_What to do_. Start at the line with "La portada del" in the records below, stop at the line with "Ritratto della silhouette", and return every line in that span exactly, the two end lines included.

_Exercise materials_.
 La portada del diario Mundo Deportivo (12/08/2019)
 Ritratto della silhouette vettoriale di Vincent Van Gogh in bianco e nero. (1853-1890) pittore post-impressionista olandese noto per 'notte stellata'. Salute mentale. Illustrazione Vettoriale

...

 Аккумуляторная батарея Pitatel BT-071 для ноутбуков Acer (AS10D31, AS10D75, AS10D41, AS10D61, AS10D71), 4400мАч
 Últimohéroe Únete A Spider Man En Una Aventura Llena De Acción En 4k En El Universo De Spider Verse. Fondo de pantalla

_Expected answer_.
 La portada del diario Mundo Deportivo (12/08/2019)
 Ritratto della silhouette vettoriale di Vincent Van Gogh in bianco e nero. (1853-1890) pittore post-impressionista olandese noto per 'notte stellata'. Salute mentale. Illustrazione Vettoriale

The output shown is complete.